# Raw data
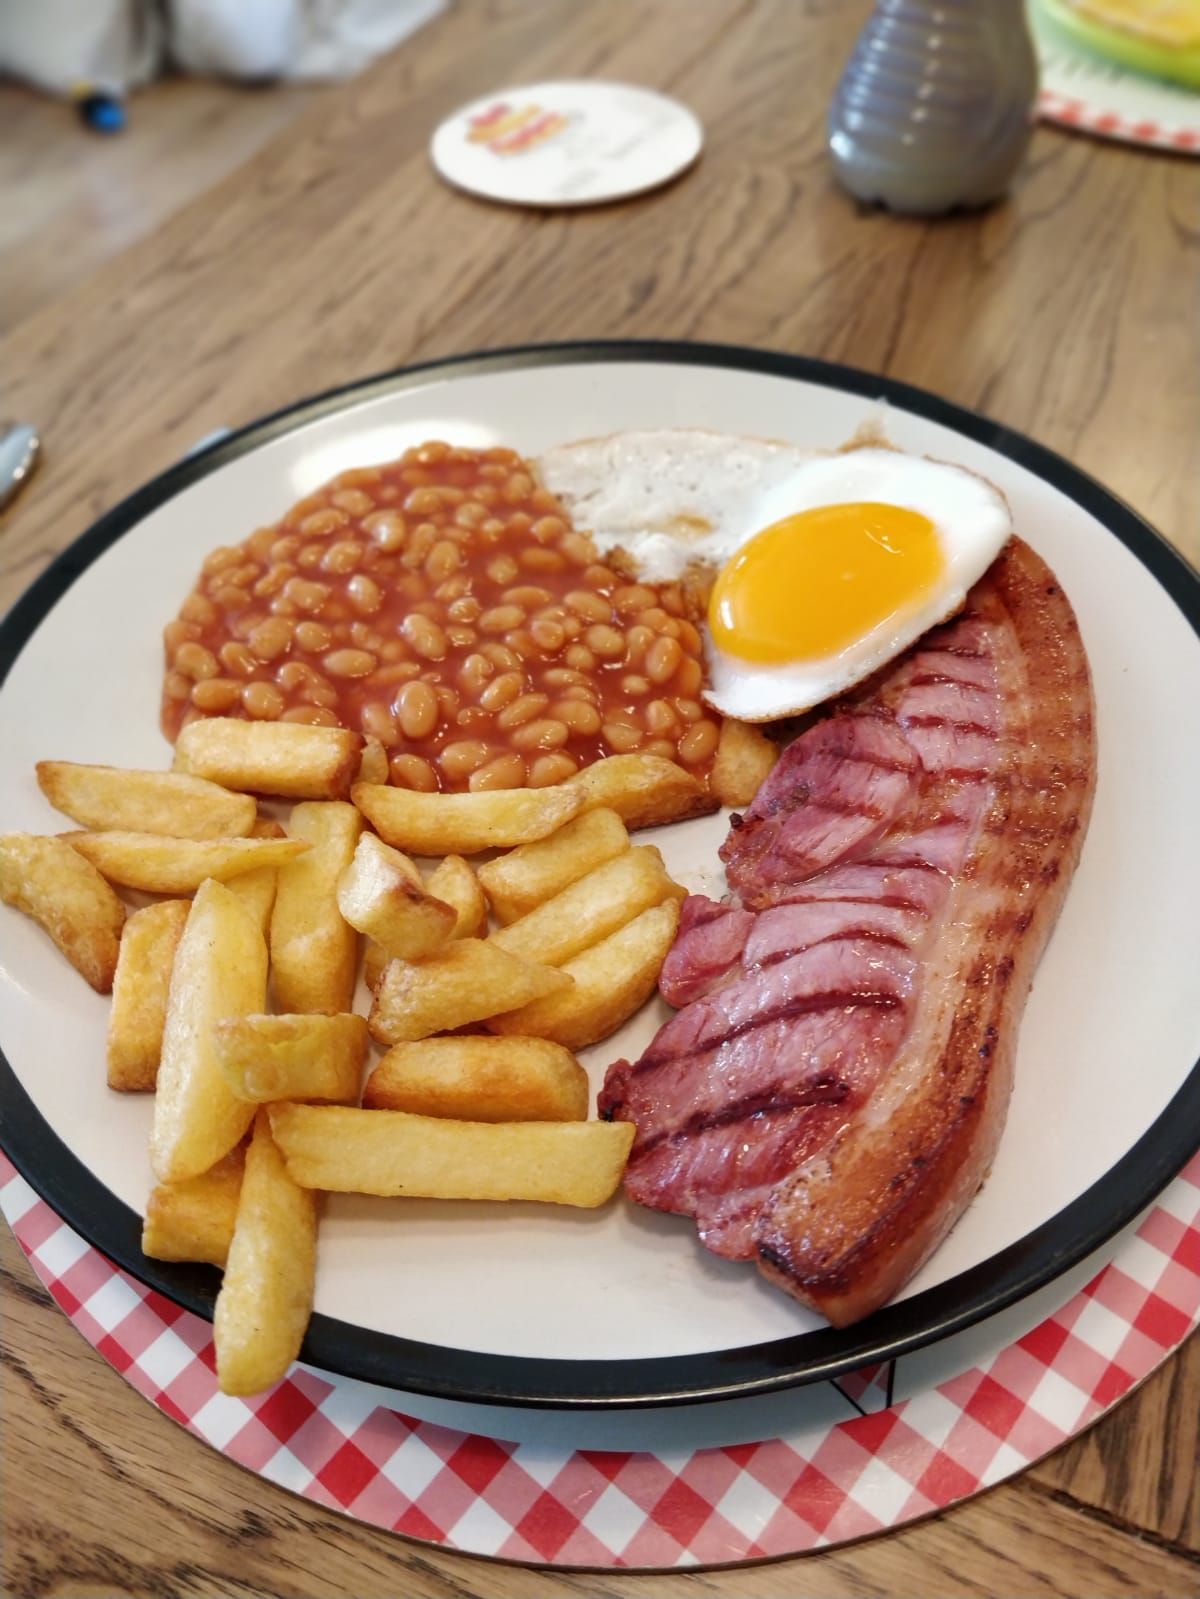 Gammon, egg, chips and beans meal
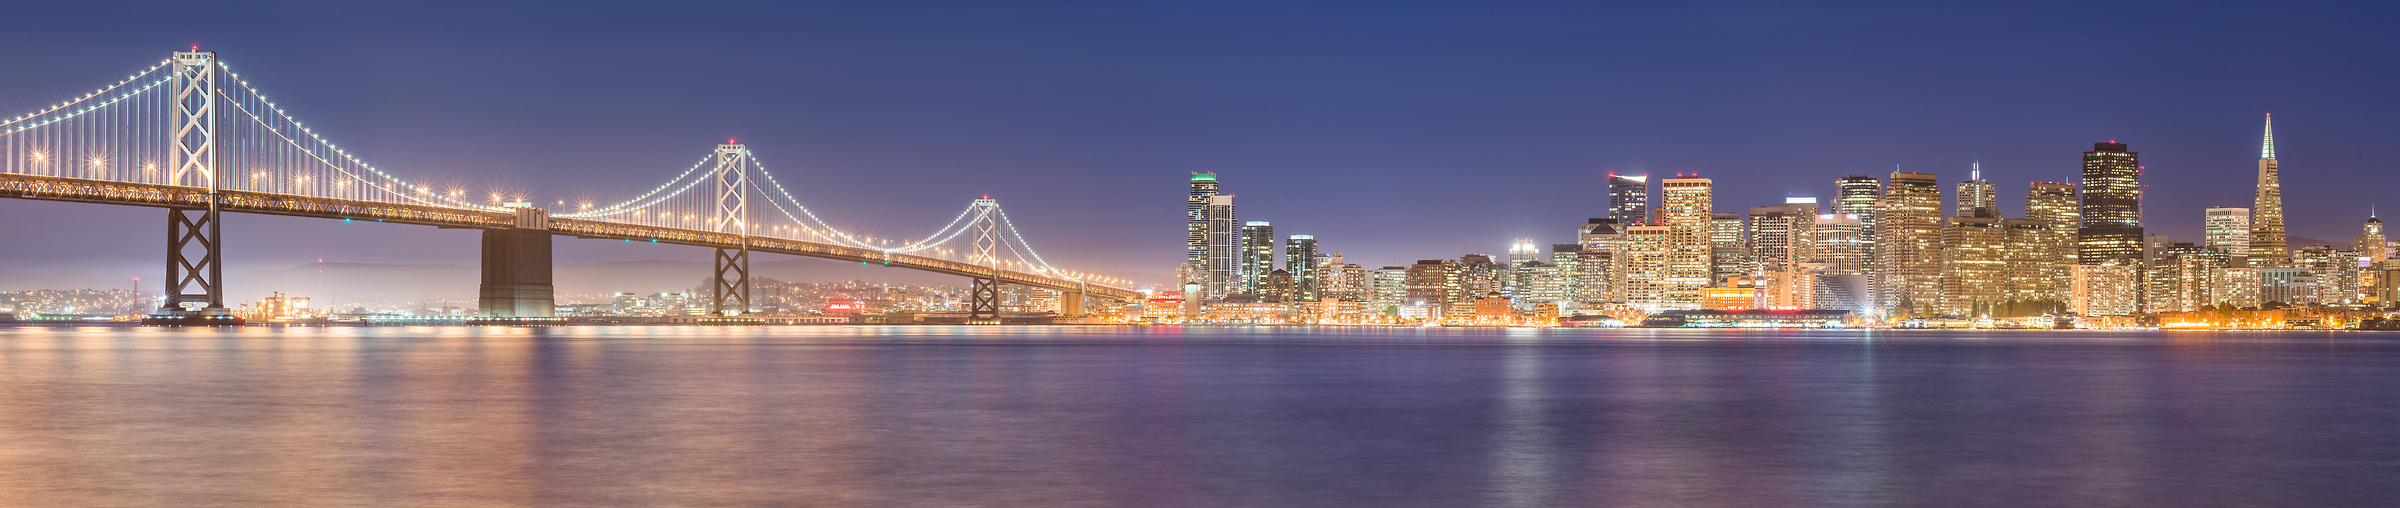 112 megapixels! A very high resolution, large-format VAST photo print of the San Francisco skyline in California at at night; cityscape photo created by Justin Katz
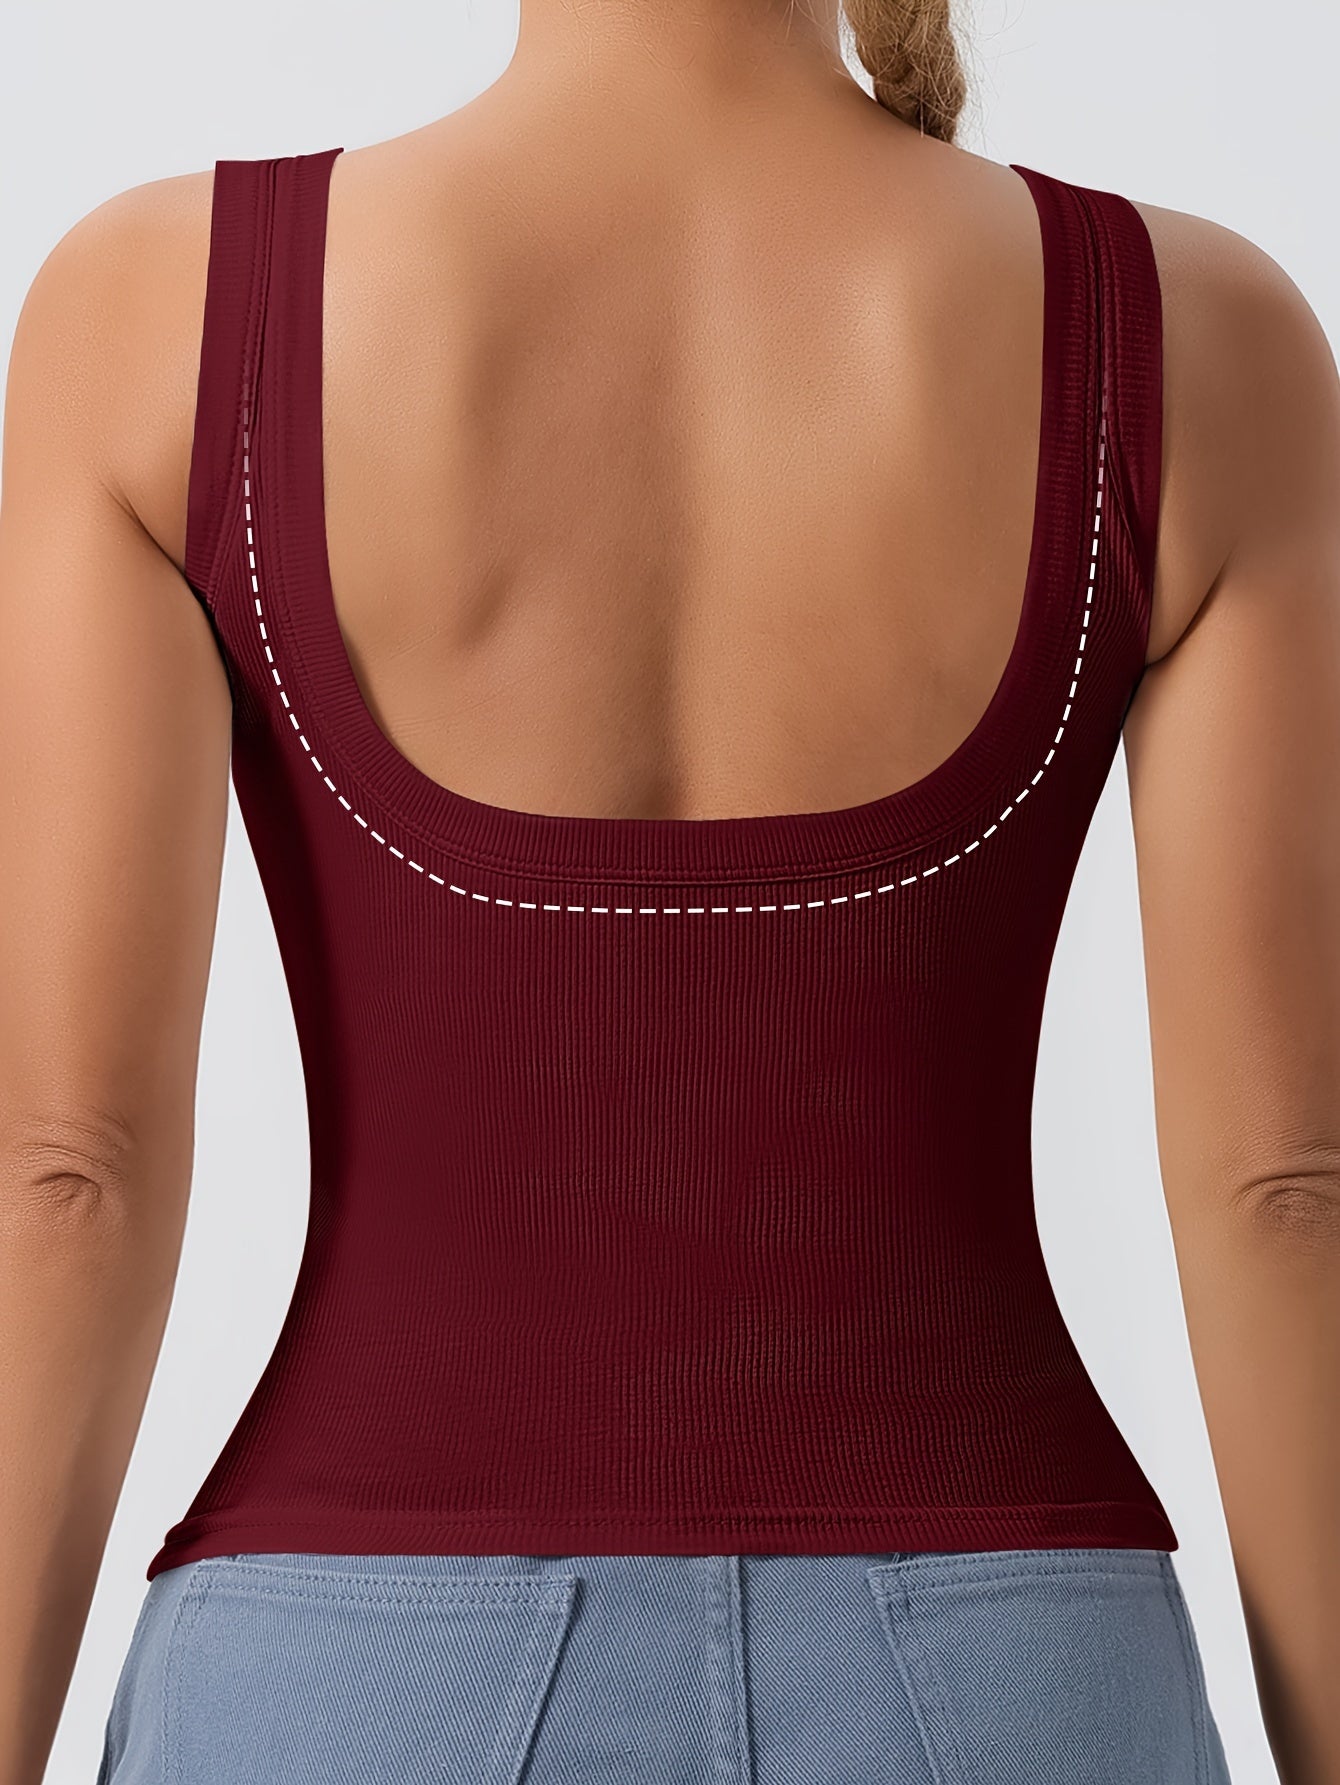 All-Season Slim-Fit Women's Tank Top - Casual High-Stretch Knit, Versatile Solid Color, Comfort with Detachable Chest Pad

# Exercise brief
The response must restate each line of the material above exactly and contain no images.

# Your response
 Gammon, egg, chips and beans meal
 112 megapixels! A very high resolution, large-format VAST photo print of the San Francisco skyline in California at at night; cityscape photo created by Justin Katz
 All-Season Slim-Fit Women's Tank Top - Casual High-Stretch Knit, Versatile Solid Color, Comfort with Detachable Chest Pad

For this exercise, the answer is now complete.